THE DATA ▸
====================

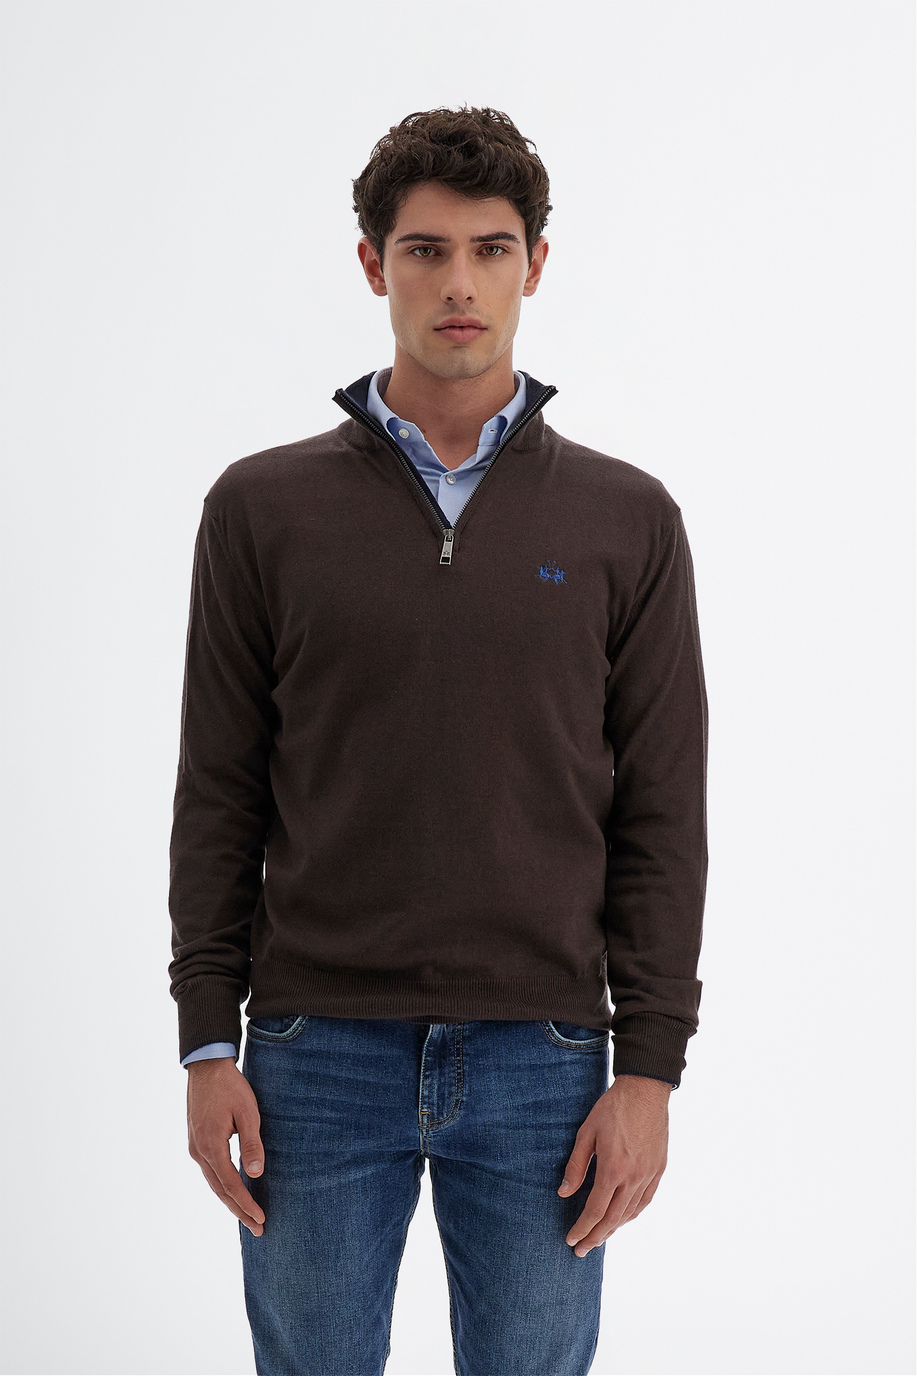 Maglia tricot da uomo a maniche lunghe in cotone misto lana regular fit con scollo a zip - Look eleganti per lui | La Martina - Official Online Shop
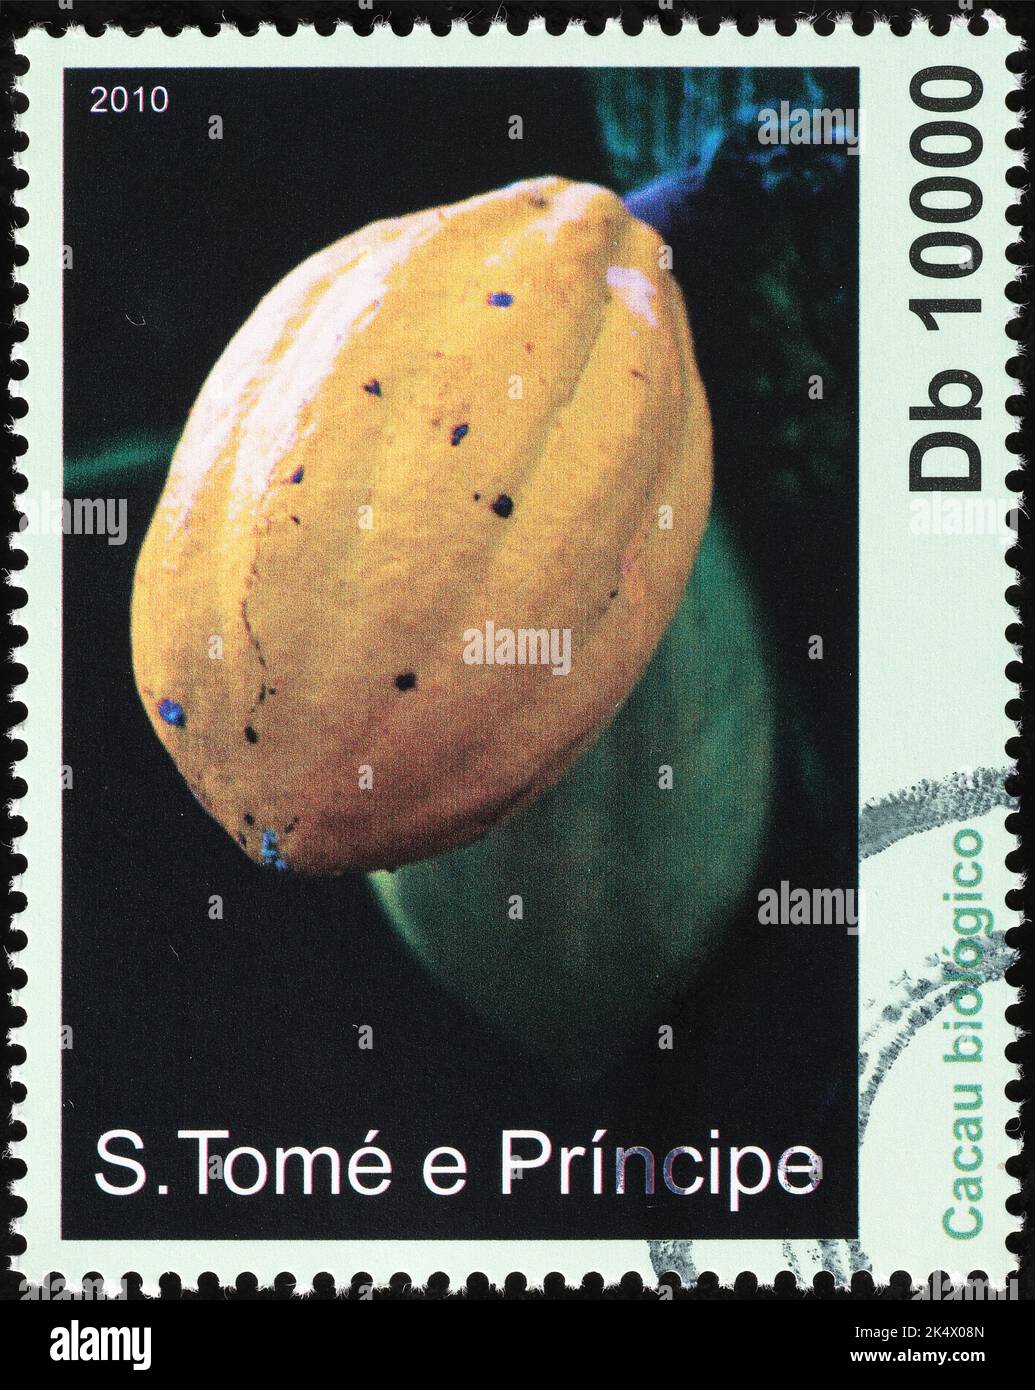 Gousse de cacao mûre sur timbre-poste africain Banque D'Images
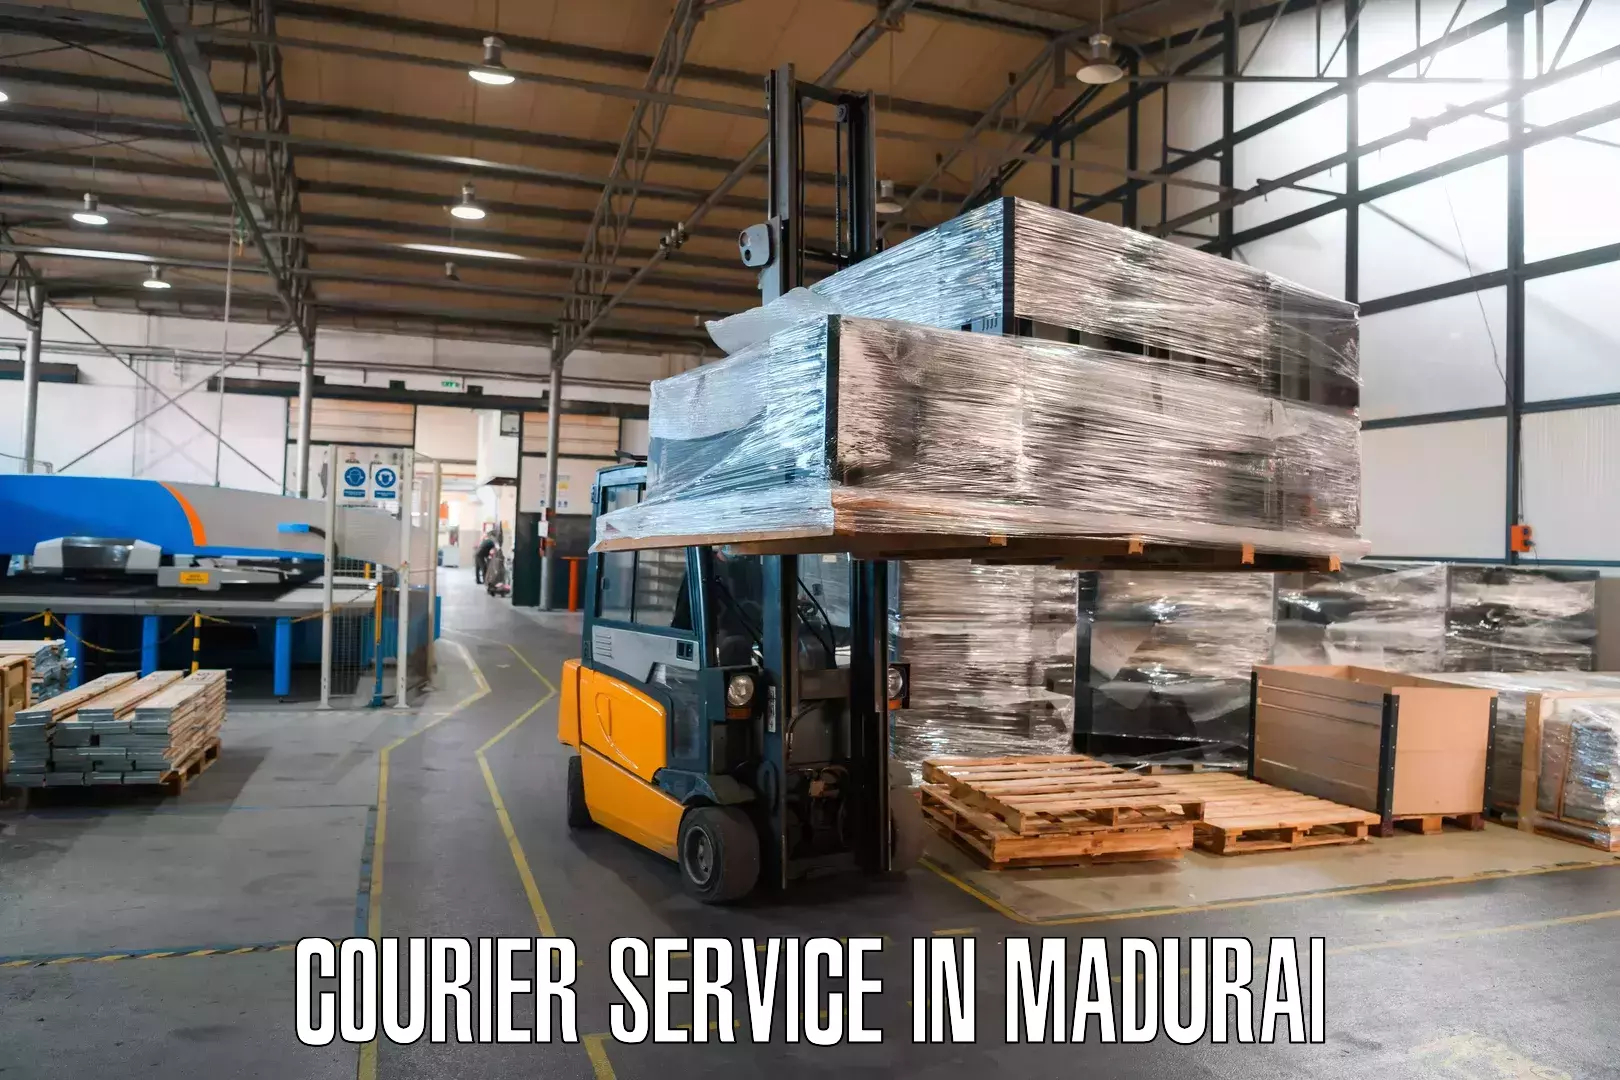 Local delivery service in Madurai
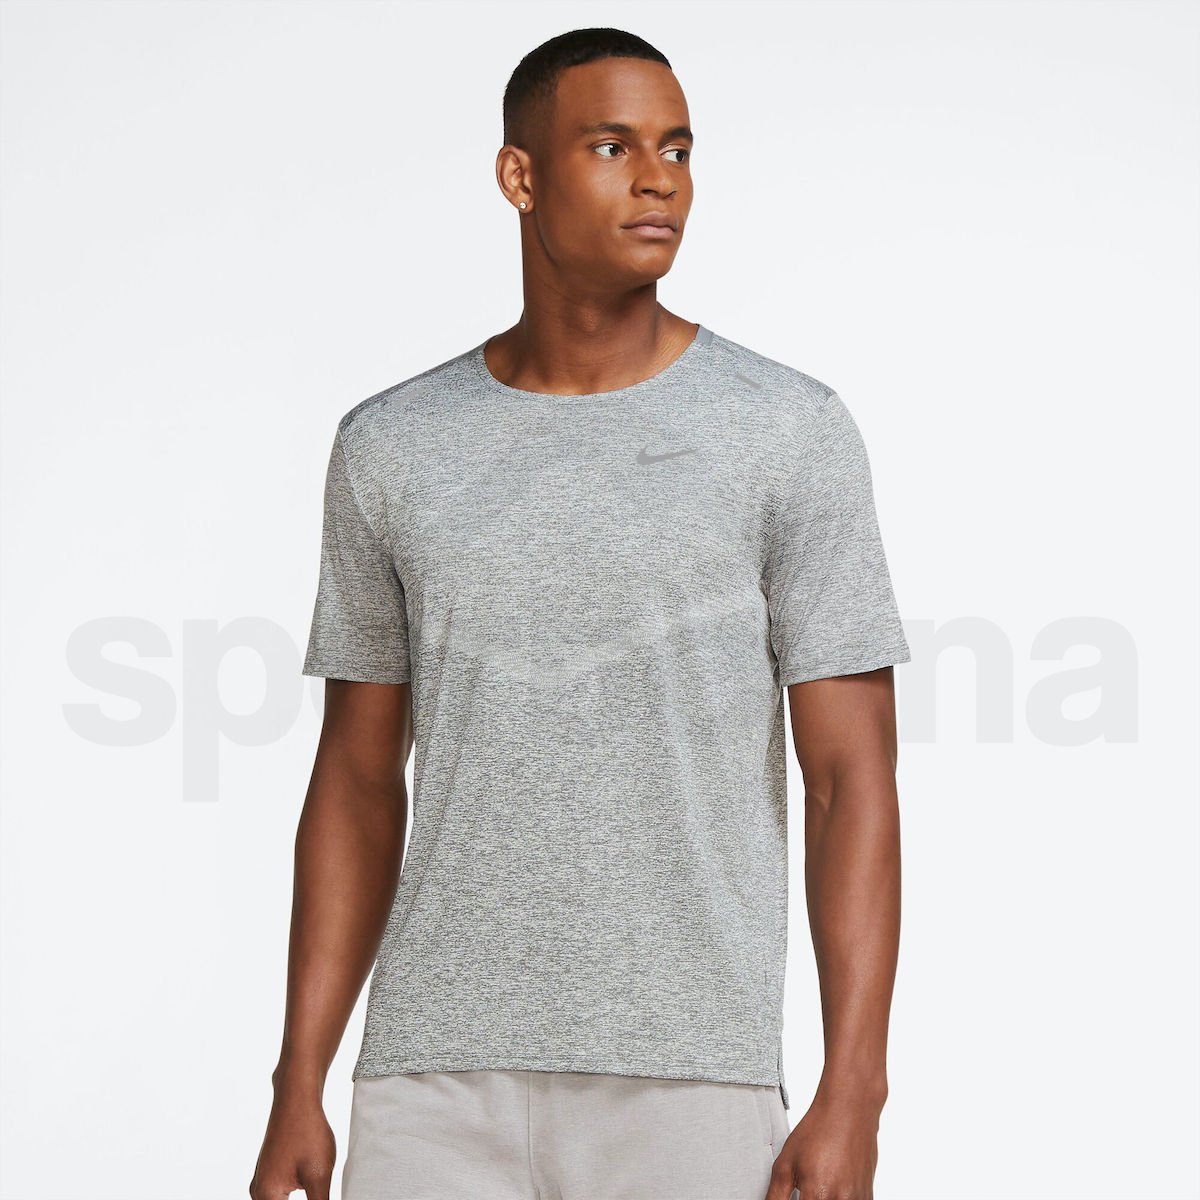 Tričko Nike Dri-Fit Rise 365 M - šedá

====================

WORK INSTRUCTIONS ▸
Where a picture appears, skip it; repeat everything else in the data exactly.

RESPONSE TO THE TASK ▸
 Maglia tricot da uomo a maniche lunghe in cotone misto lana regular fit con scollo a zip - Look eleganti per lui | La Martina - Official Online Shop
 Gousse de cacao mûre sur timbre-poste africain Banque D'Images
 Local delivery service in Madurai
 Tričko Nike Dri-Fit Rise 365 M - šedá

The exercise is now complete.